* [WHAT YOU ARE ASKED TO DO] Copy out the lines beginning with the one that contains "Antique Brass Finish" and ending with the last line below, exactly as they stand. Pictures are not copied.

* [RECORDED DATA]
______

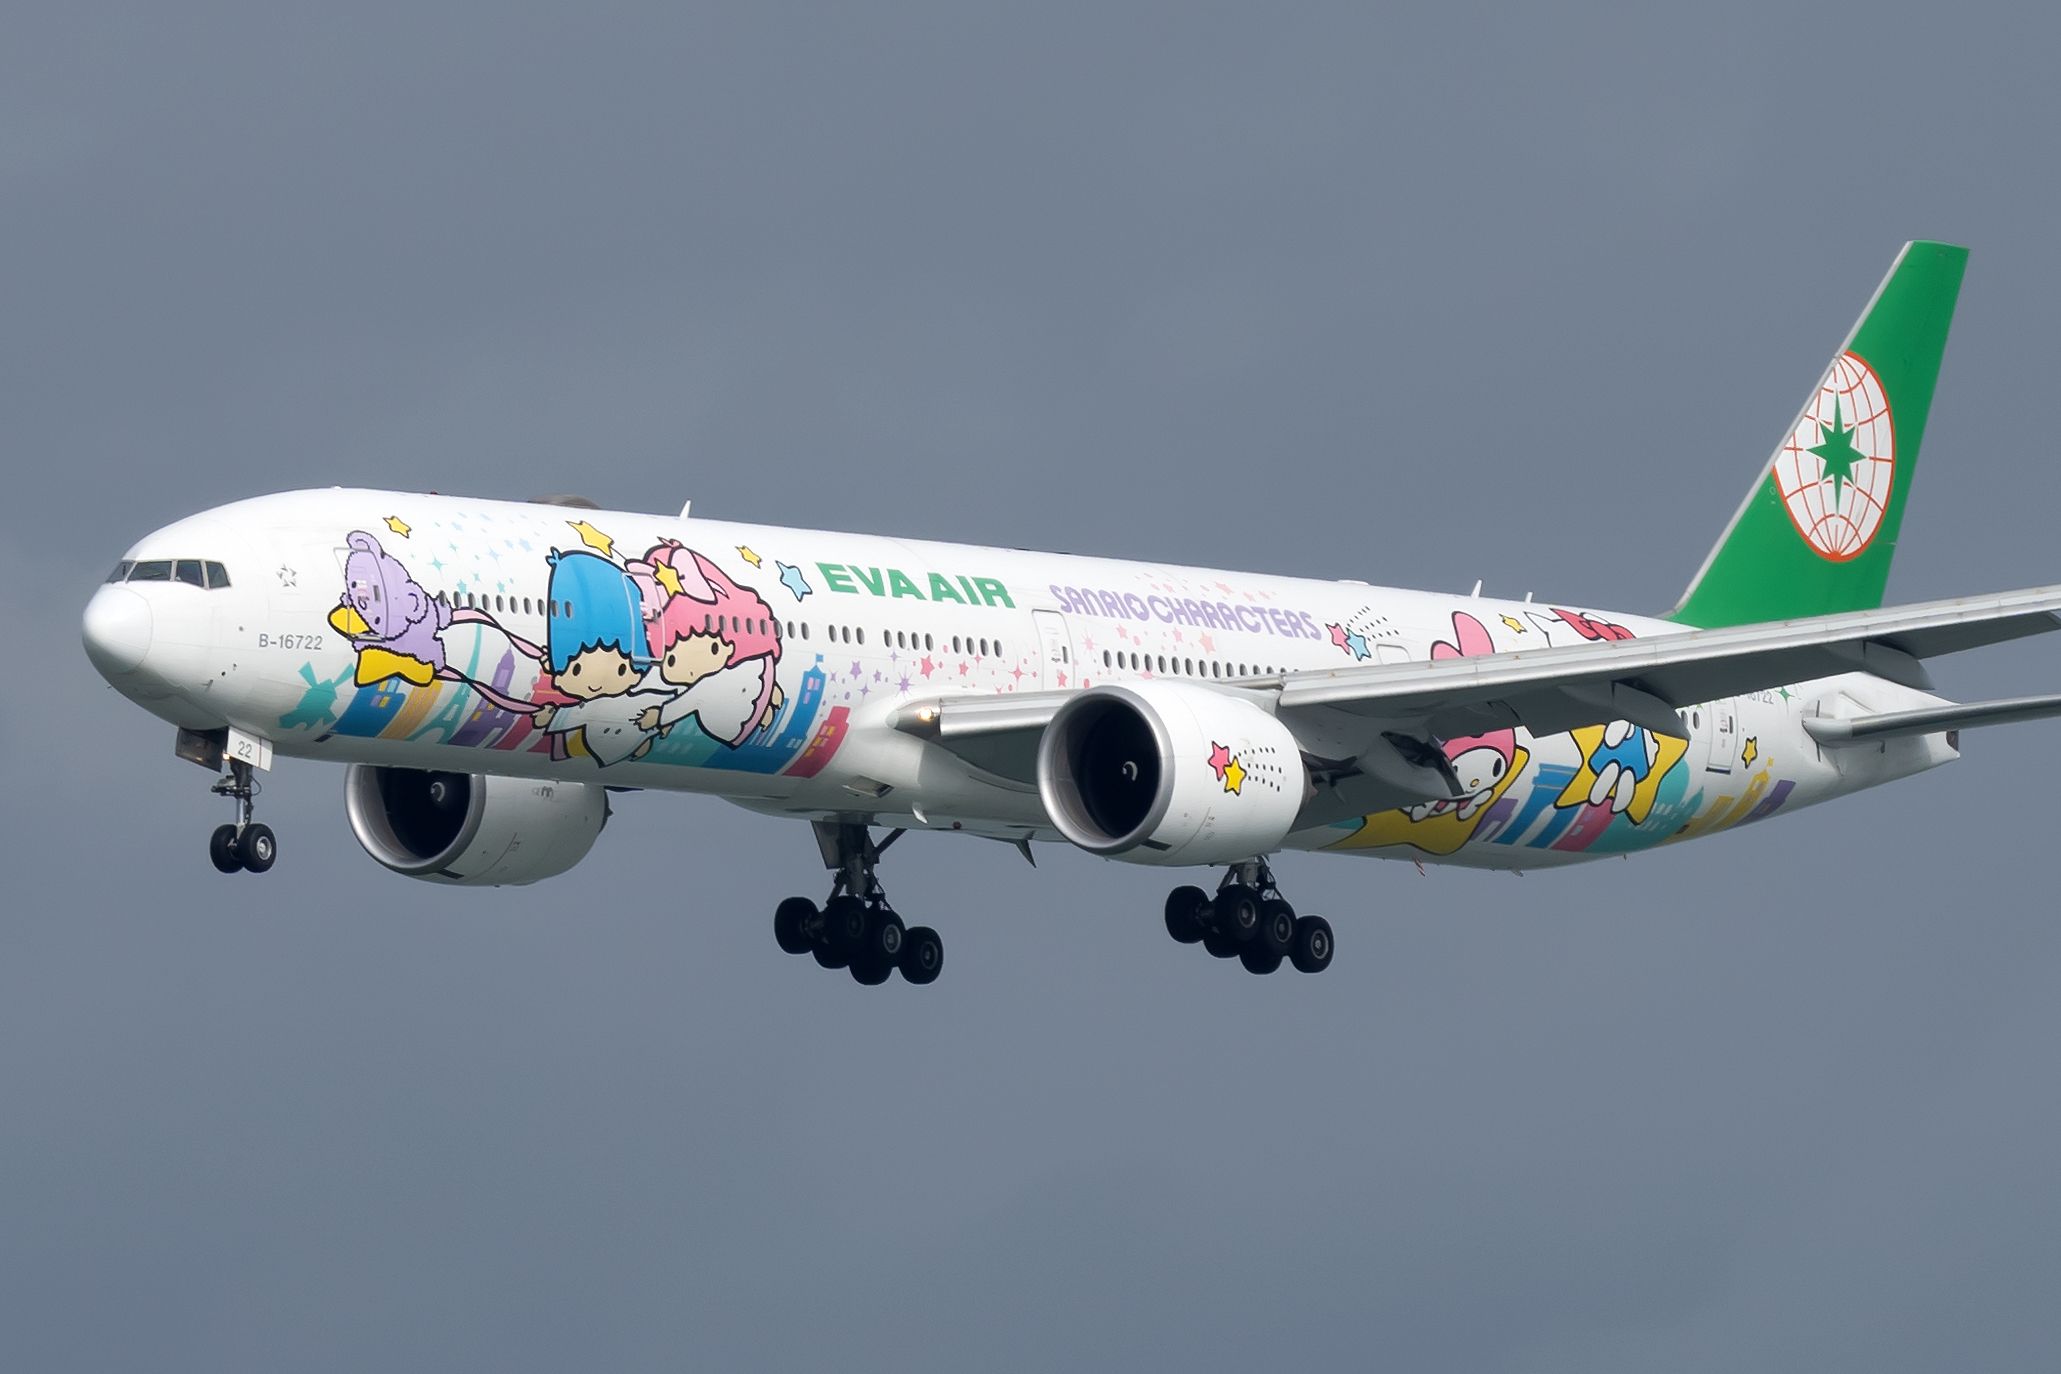 EVA Air (Hello Kitty - Shining Star Livery)Boeing 777-36N(ER) B-16722 (2)
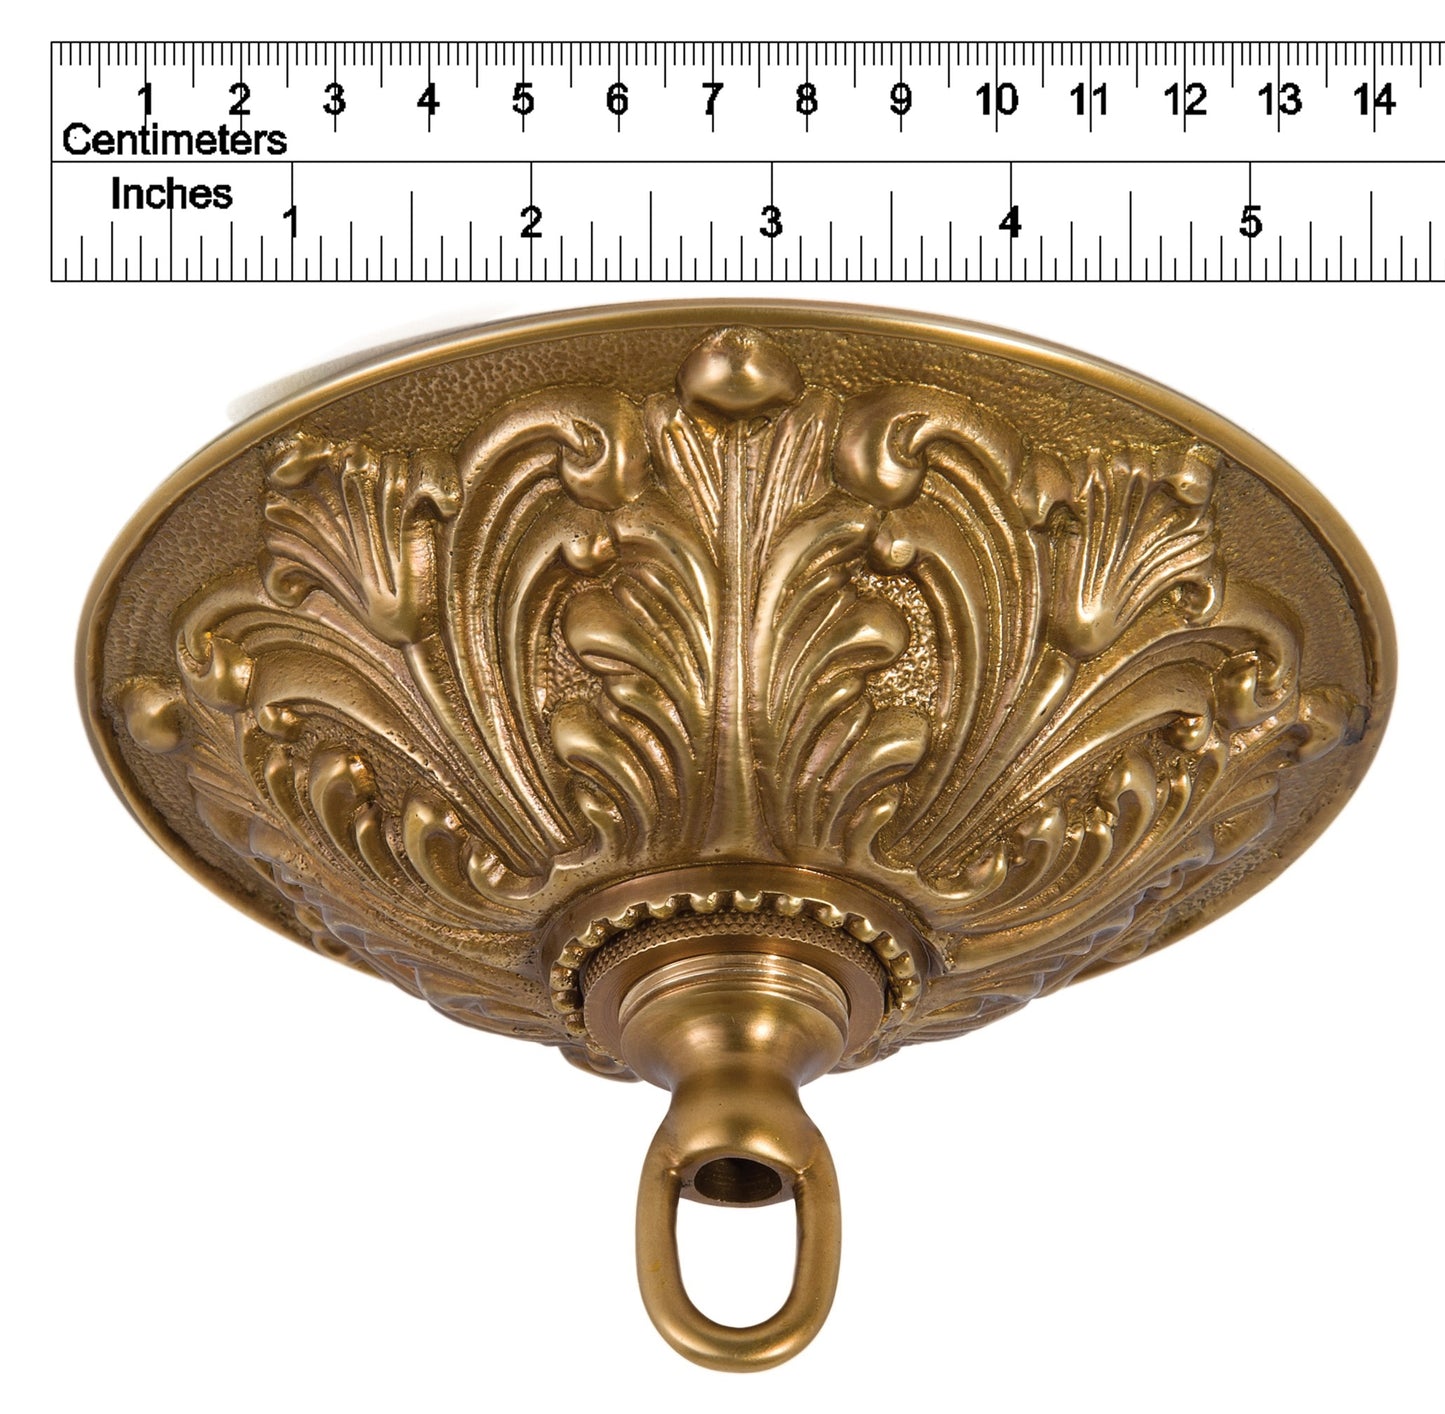 5-1/2" Diameter Ceiling Canopy kit, Die Cast Brass Material, Antique Brass Finish
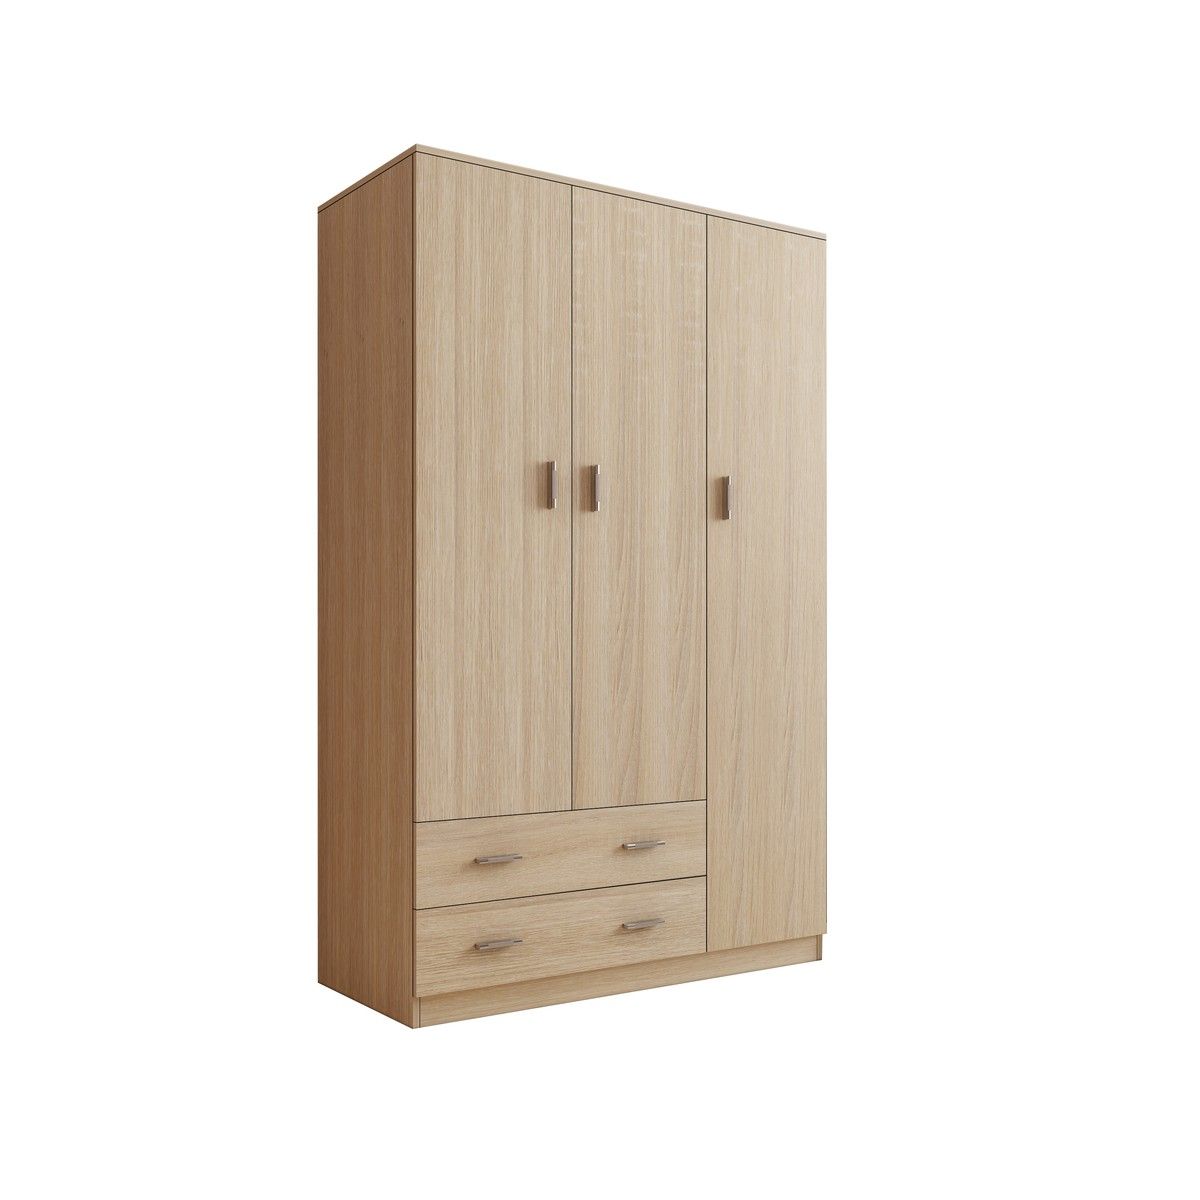 Oak Wardrobe Cabinet Wood Bedroom Clothes Storage Organiser Cupboard 3 ...
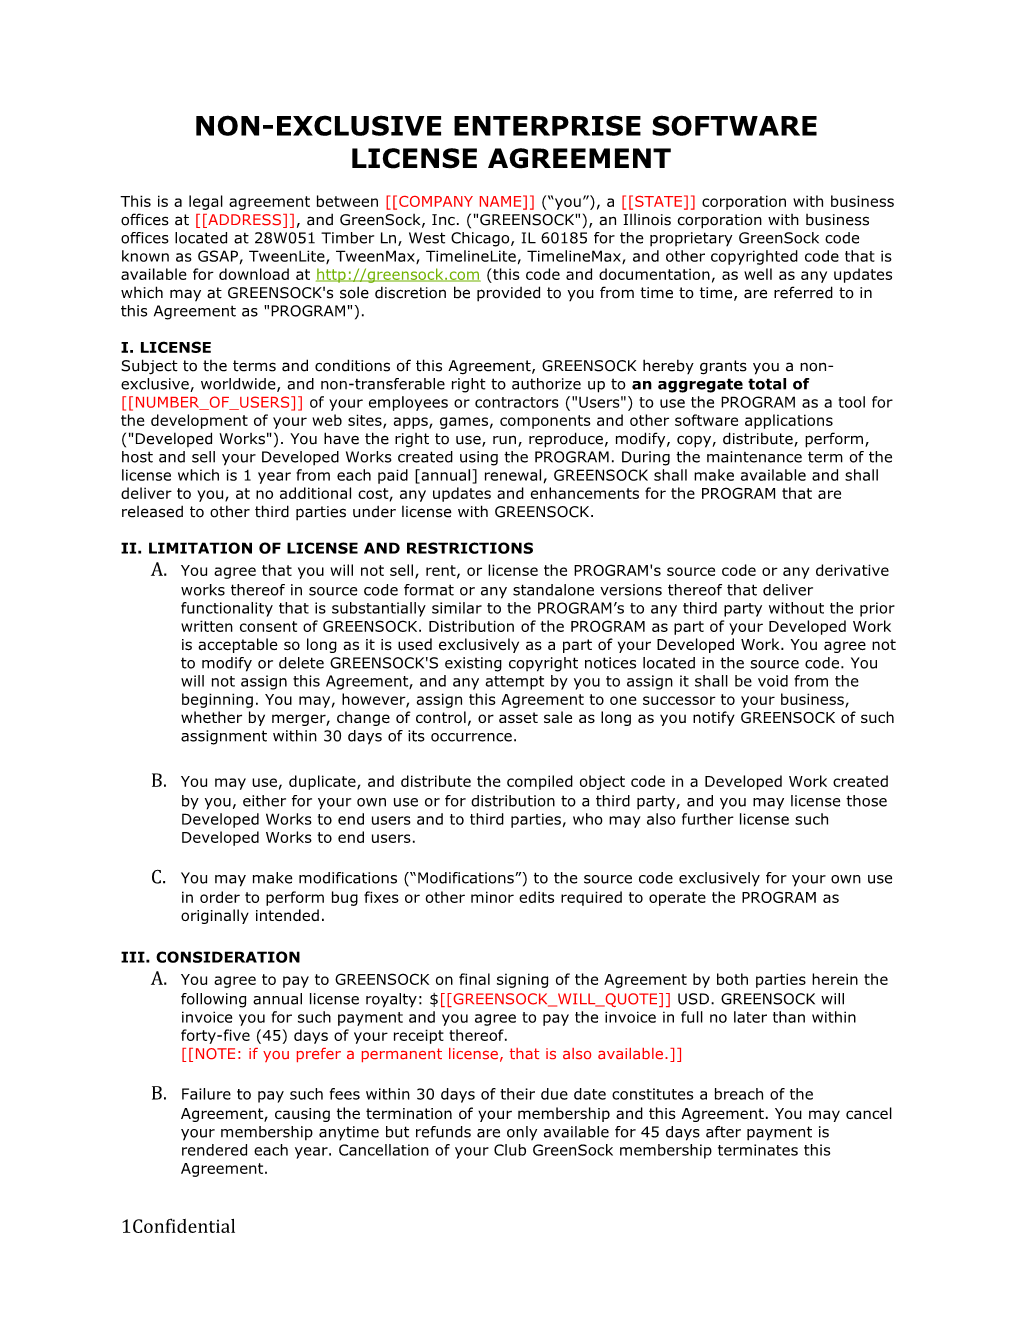 Non-Exclusive Enterprise Software License Agreement

______

* [WRITTEN SOLUTION]
 5-1/2" Diameter Ceiling Canopy kit, Die Cast Brass Material, Antique Brass Finish
 Oak Wardrobe Cabinet Wood Bedroom Clothes Storage Organiser Cupboard 3 ...
 Non-Exclusive Enterprise Software License Agreement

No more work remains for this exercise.